In an alarming new expansion of the war, Russian missiles fired from planes over the Black and Azov seas hit a military base near Lviv, killing at least 35 people on Sunday, local authorities said. The target was perilously close to the border of NATO member Poland. While President Joe Biden has said he will not send US troops to Ukraine, he has vowed to defend "every inch" of the western alliance's territory.

In another sign of Putin's aggressive intent, after more than three weeks being bogged down in the country, his troops were within 15.5 miles of the capital Kyiv, according to British intelligence on Saturday.

There were conflicting signs in Europe and Washington on Sunday about the prospects of talks between Russian and Ukrainian officials, which so far have yielded little progress, as well as about a broader international diplomatic effort to get Putin to agree to a ceasefire. US Deputy Secretary of State Wendy Sherman argued on Fox on that the pressure from sanctions was beginning to have an effect on the Russian leader.

"We are seeing some signs of a willingness to have real serious negotiations," Sherman said. But she added: "It appears that Vladimir Putin is intent on destroying Ukraine." Sullivan was downbeat on the prospects for diplomacy on "State of the Union," saying Putin "does not look like he is prepared to stop the onslaught."
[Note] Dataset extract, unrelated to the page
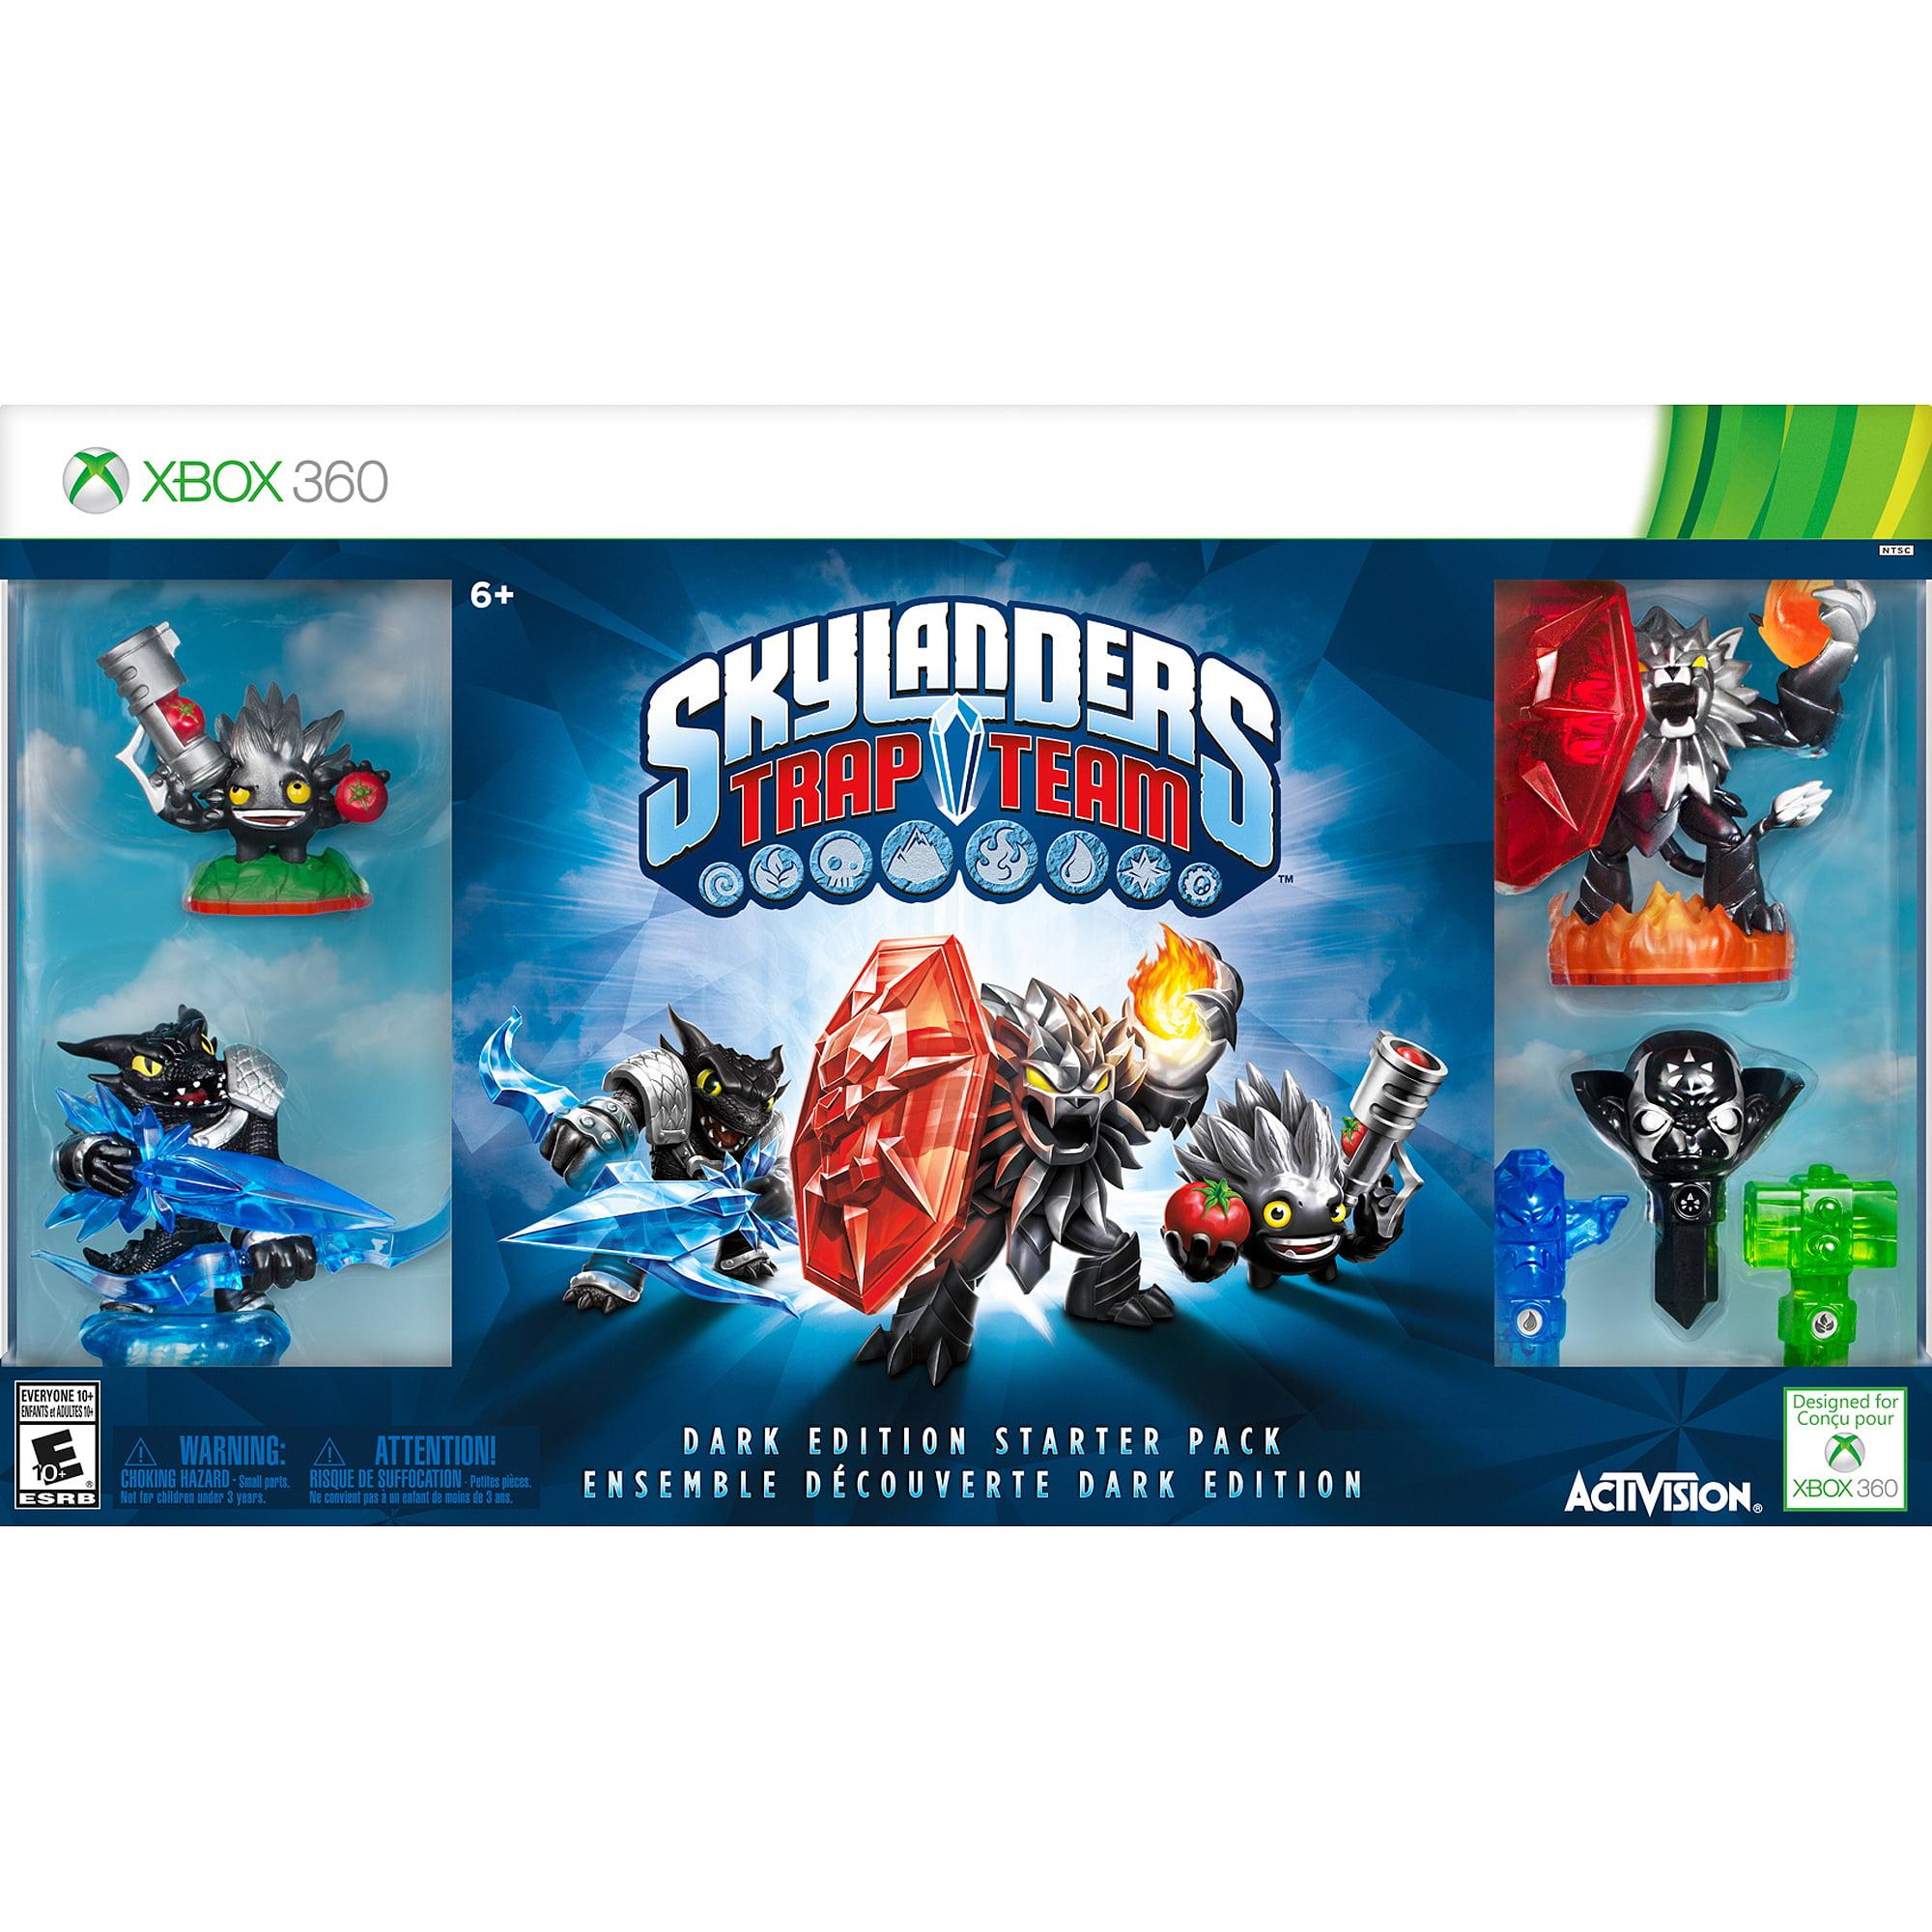 Skylanders Trap Team Dark Edition Starter Pack - Xbox 360

Still, Ukrainian presidential adviser Mykhailo Podoliak said he thinks talks could "achieve concrete results" in the next few days since Russia has started to talk "constructively." And Leonid Slutsky, a Russian delegation member for the talks, said "significant progress" has been made in negotiations with the Ukrainian delegation since they began, Russian state news agency RIA reported.

But the sides appear far apart in principle -- with Ukraine demanding a withdrawal of Russian troops. Moscow went into the conflict calling on NATO to pull back troops from former Warsaw Pact states in eastern Europe, which is even less likely now given Russia's treatment of Ukraine.

And nothing Putin has done so far suggests that he is contemplating a reversal of a plan that has laid waste to vast areas of Ukraine and now appears to be zeroing in on Kyiv for the decisive battle.